Assignment
Without pictures, return the lines from the one containing "Saxx Underwear Vibe Slim Red Shallow" through the last line of the data below, exactly.

━━━━

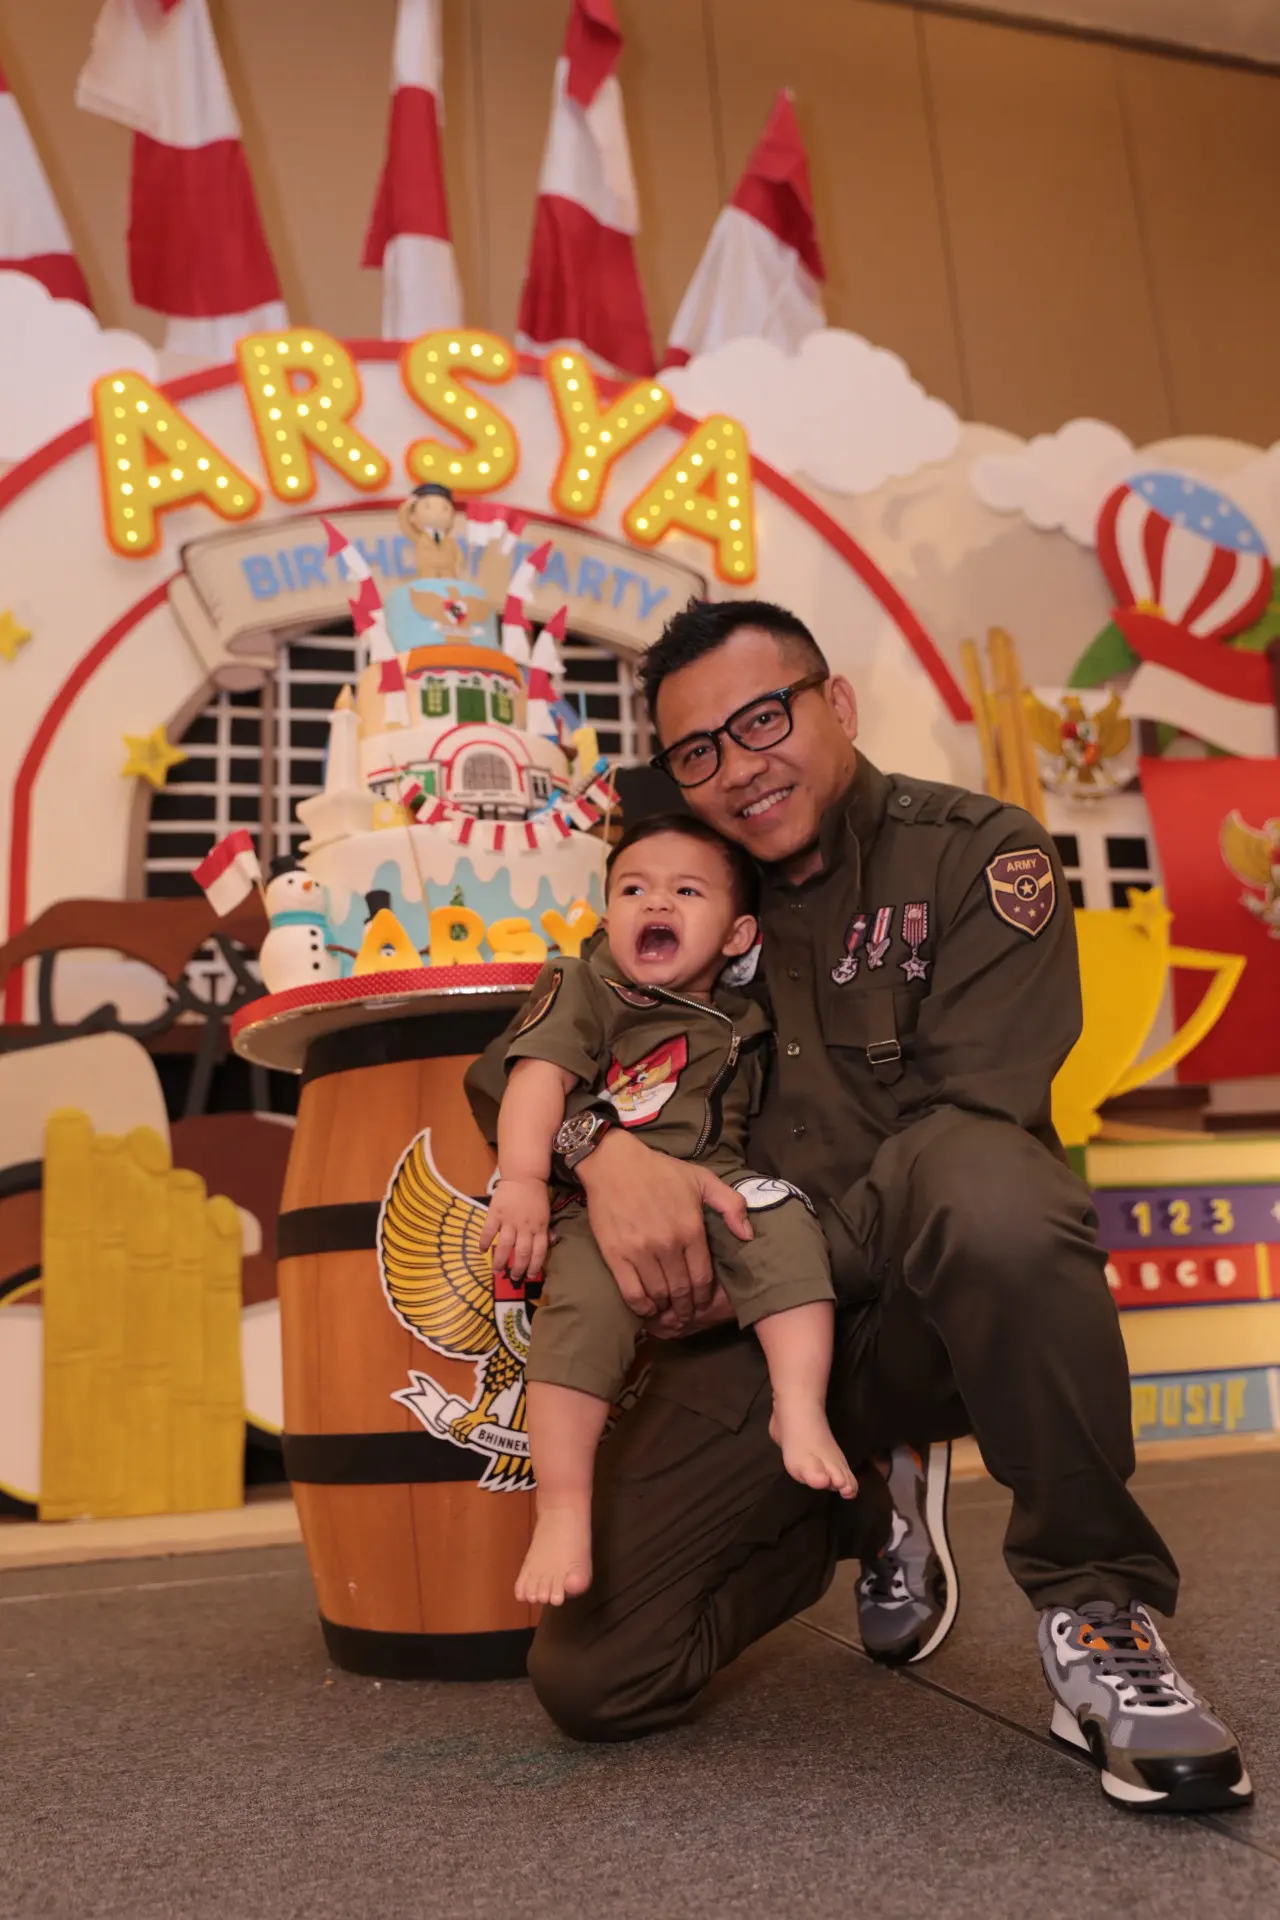 Sebagai ayah, Anang berharap perayaan ulang tahun pertama ini akan terus menjadi kenangan bagi Arsya. Selain itu, Anang ingin anak laki-lakinya itu selalu memiliki jiwa nasionalisme tinggi sampai kapanpun. (Adrian Putra/Bintang.com)
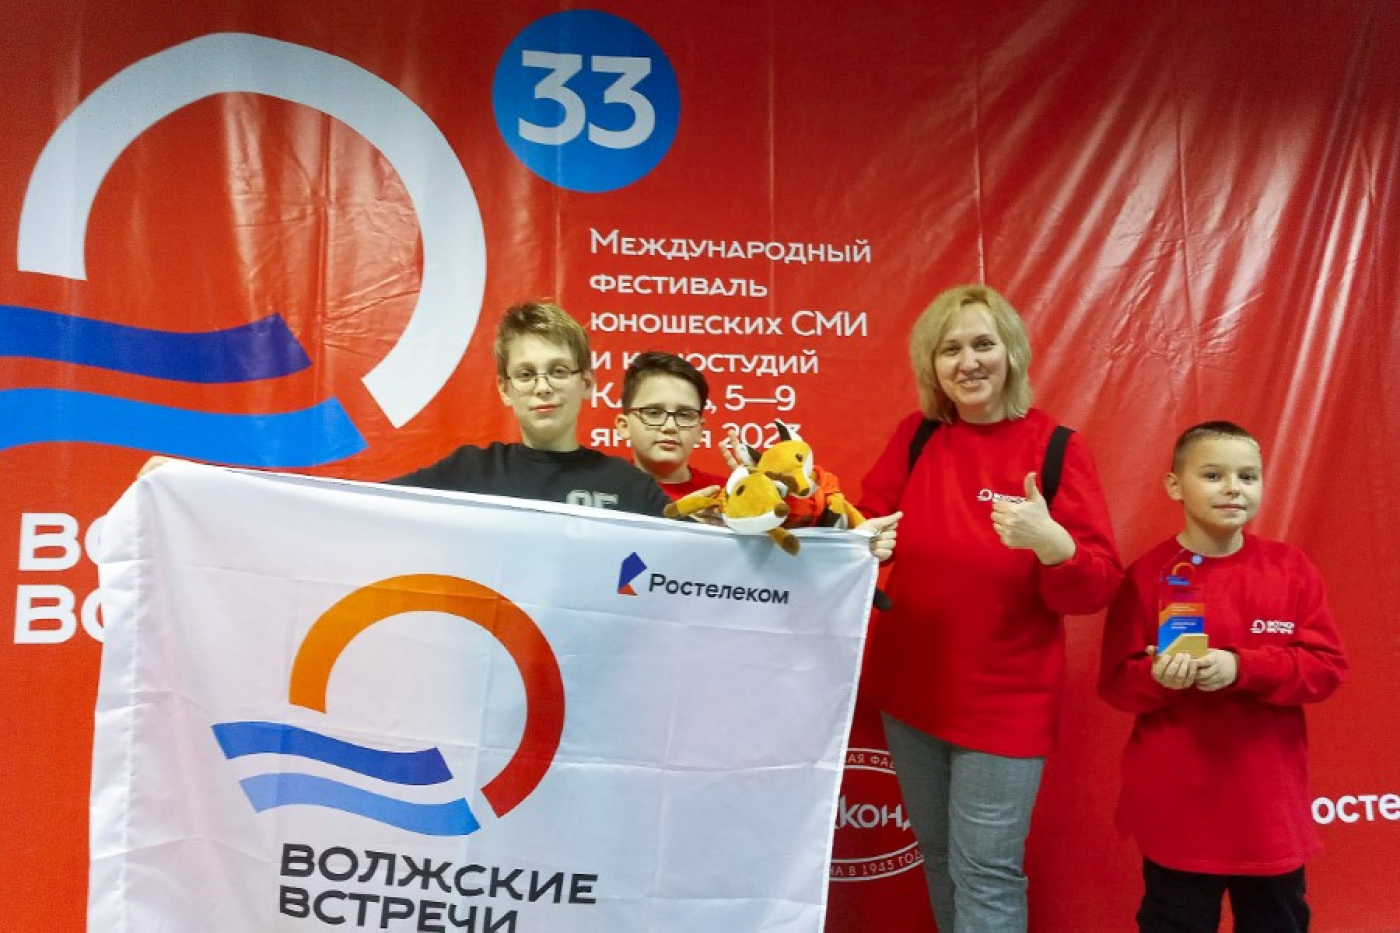 Юные журналисты Беларуси победили в столице Татарстана!
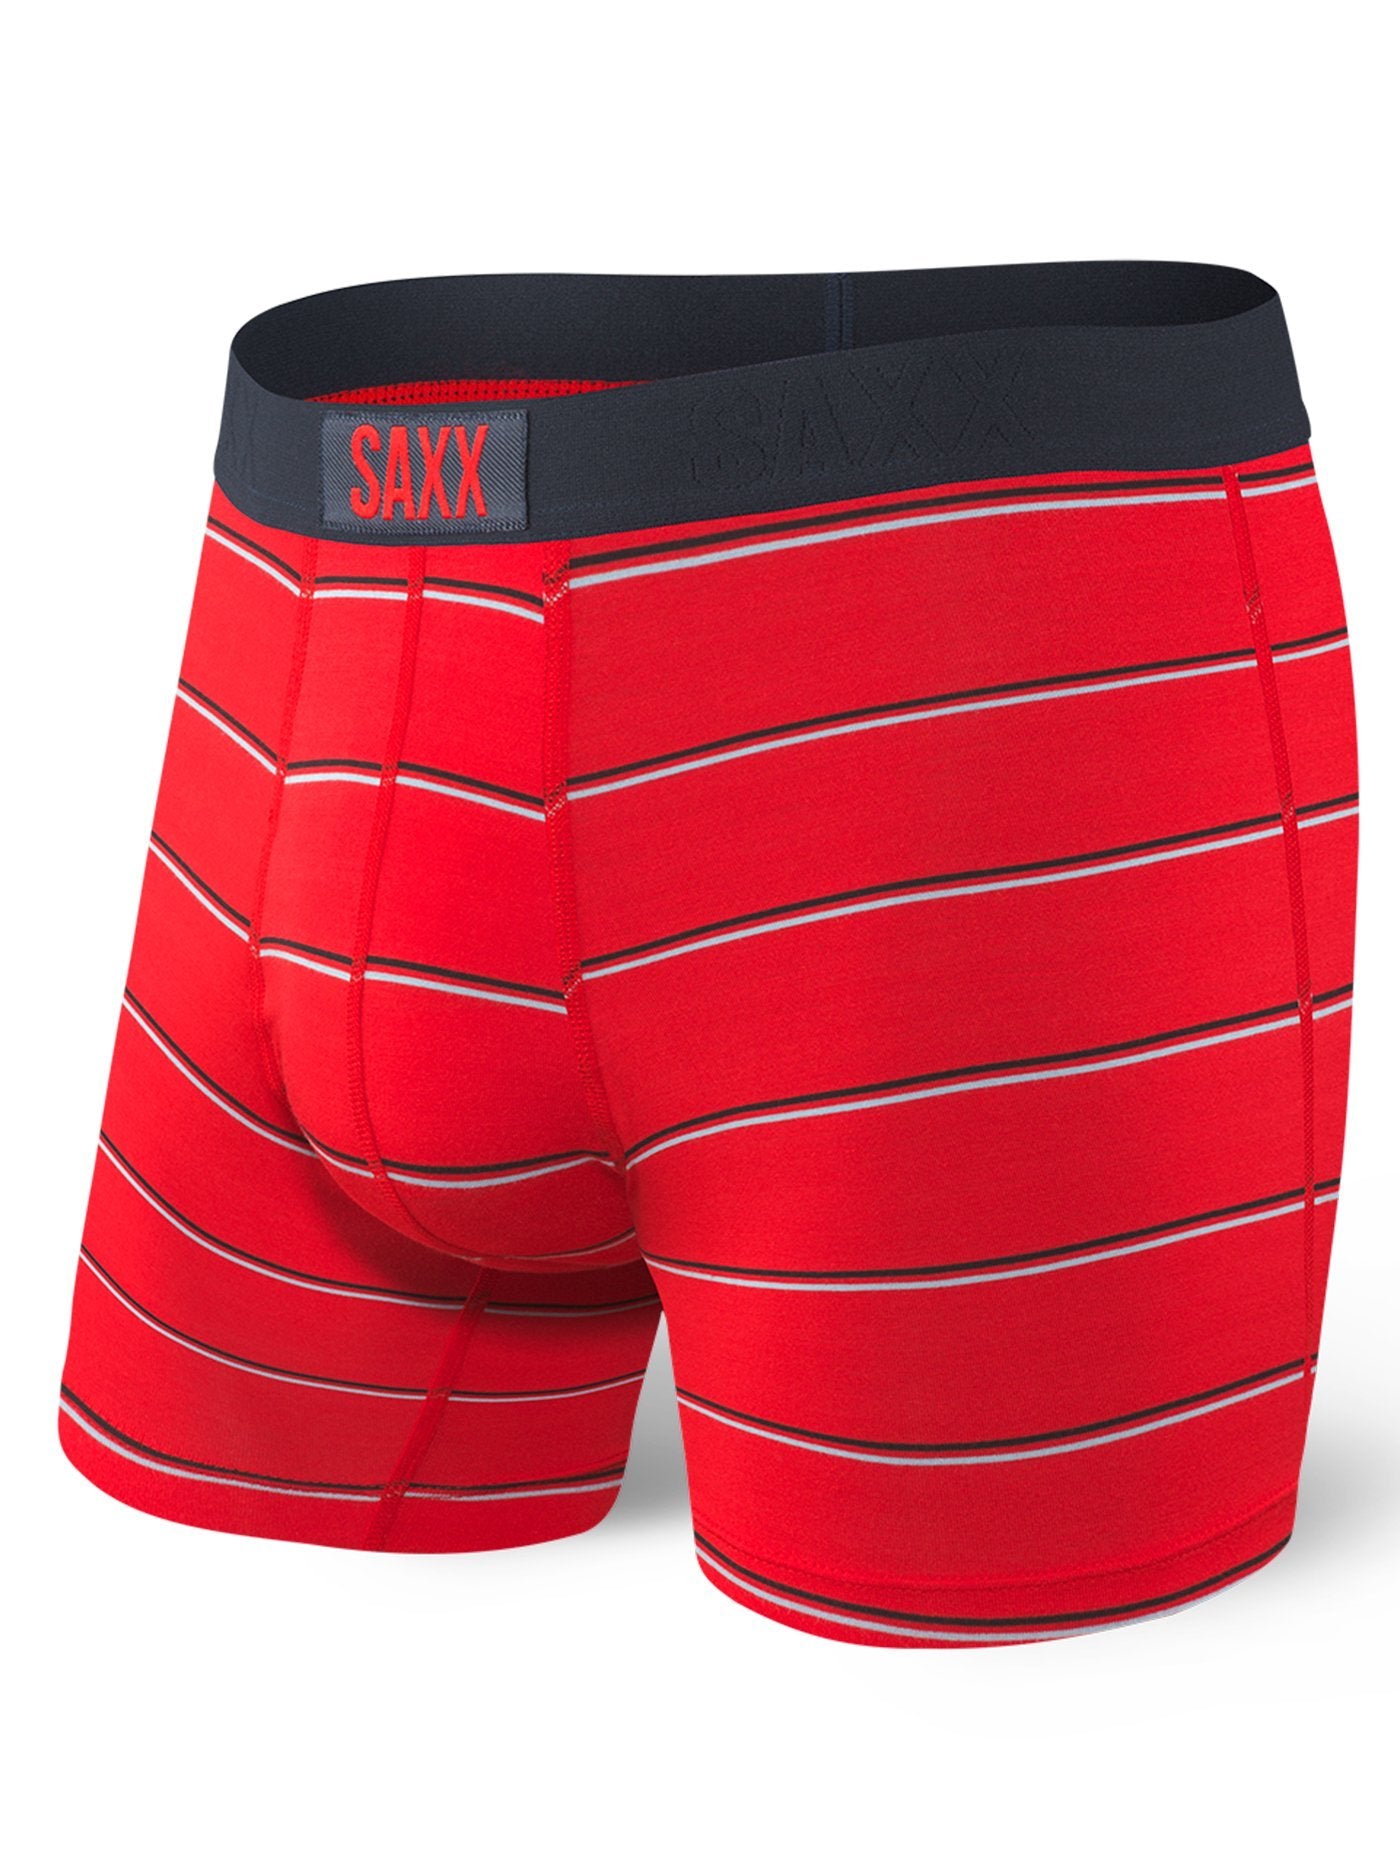 Saxx Underwear Vibe Slim Red Shallow
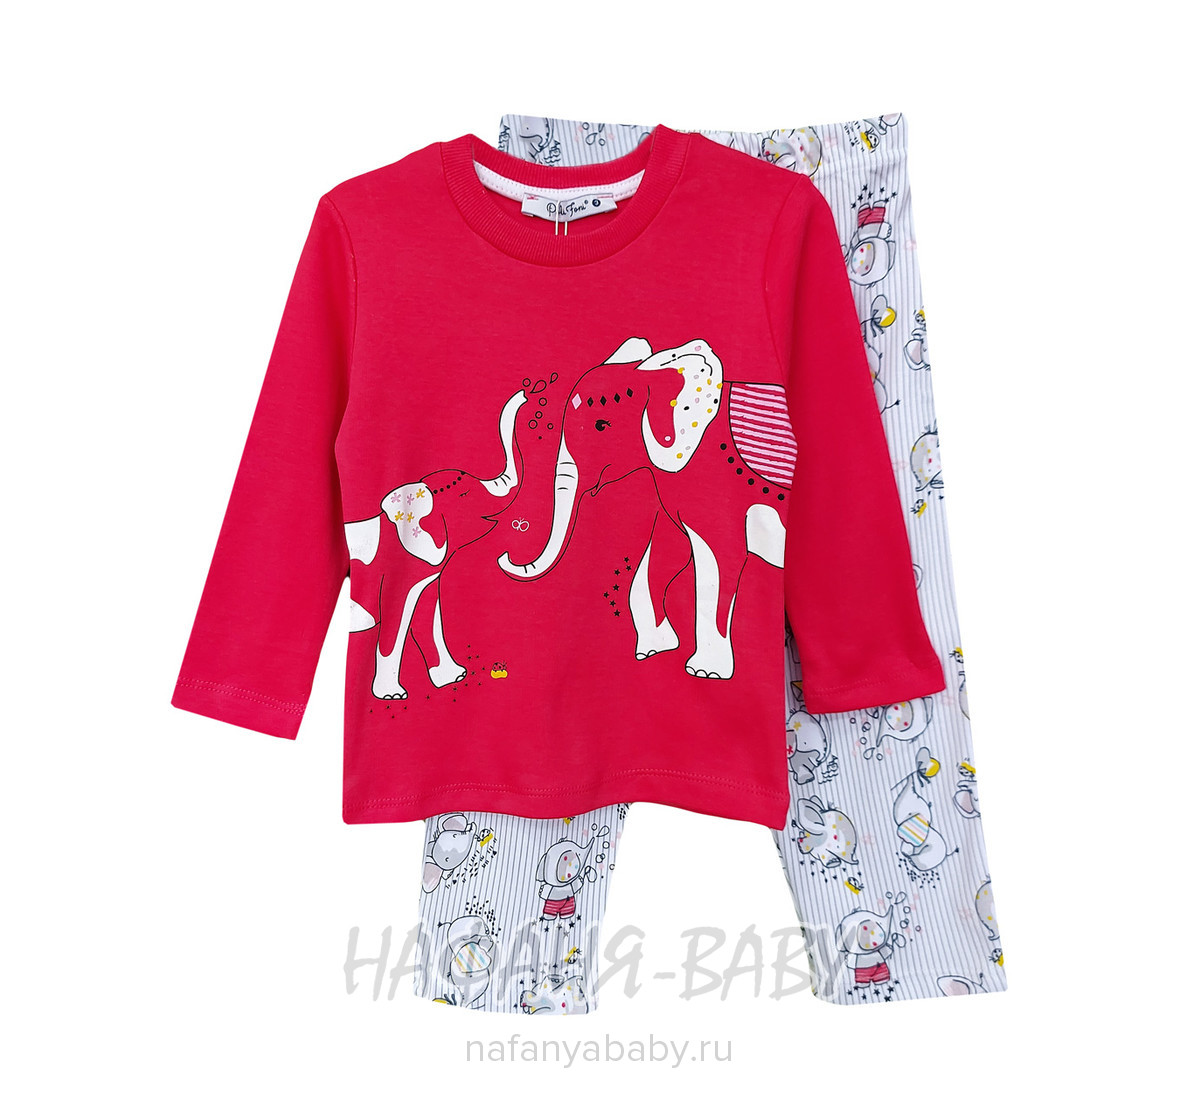 Пижама для девочки СЛОНИКИ POLI FONI арт: 305, 5-9 лет, 1-4 года, цвет малиновый, оптом Турция
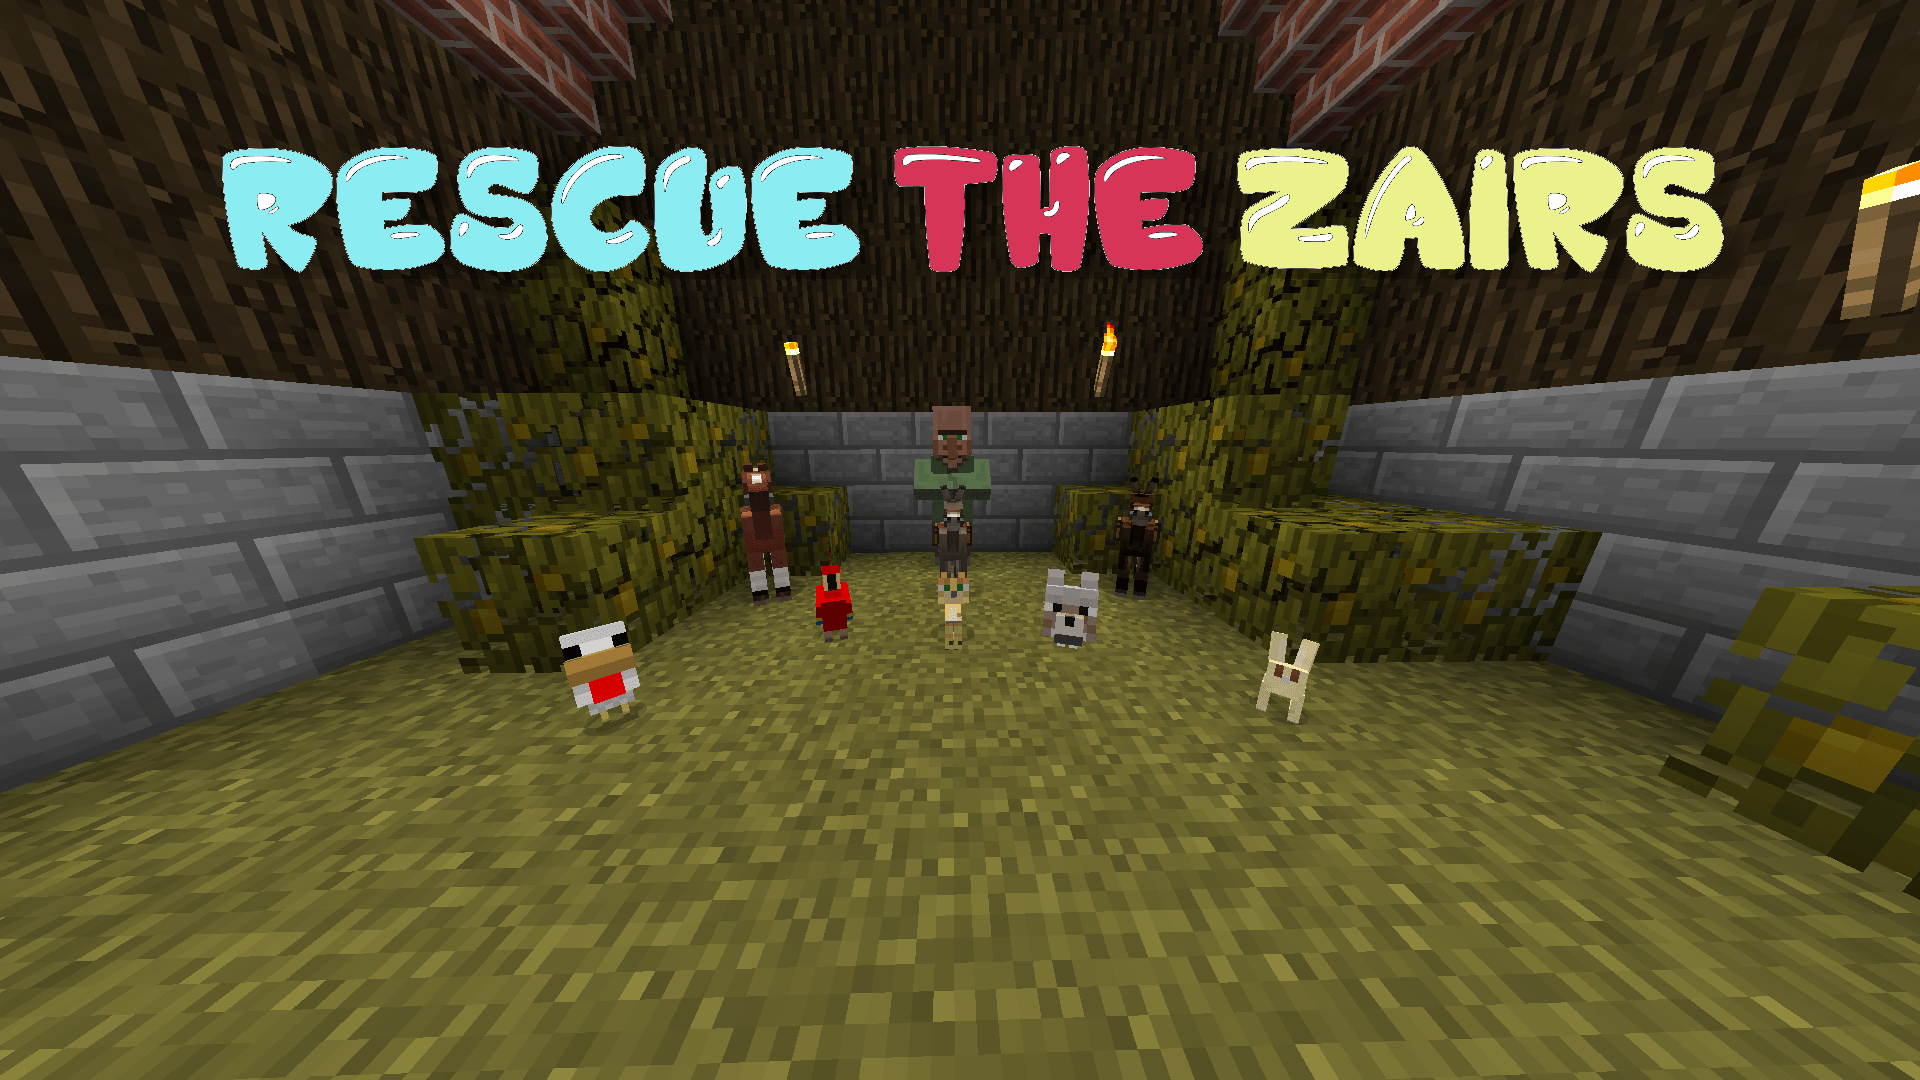 İndir Rescue The Zairs için Minecraft 1.13.2

━━━━

Answer section
 Saxx Underwear Vibe Slim Red Shallow
 Пижама для девочки СЛОНИКИ POLI FONI арт: 305, 5-9 лет, 1-4 года, цвет малиновый, оптом Турция
 İndir Rescue The Zairs için Minecraft 1.13.2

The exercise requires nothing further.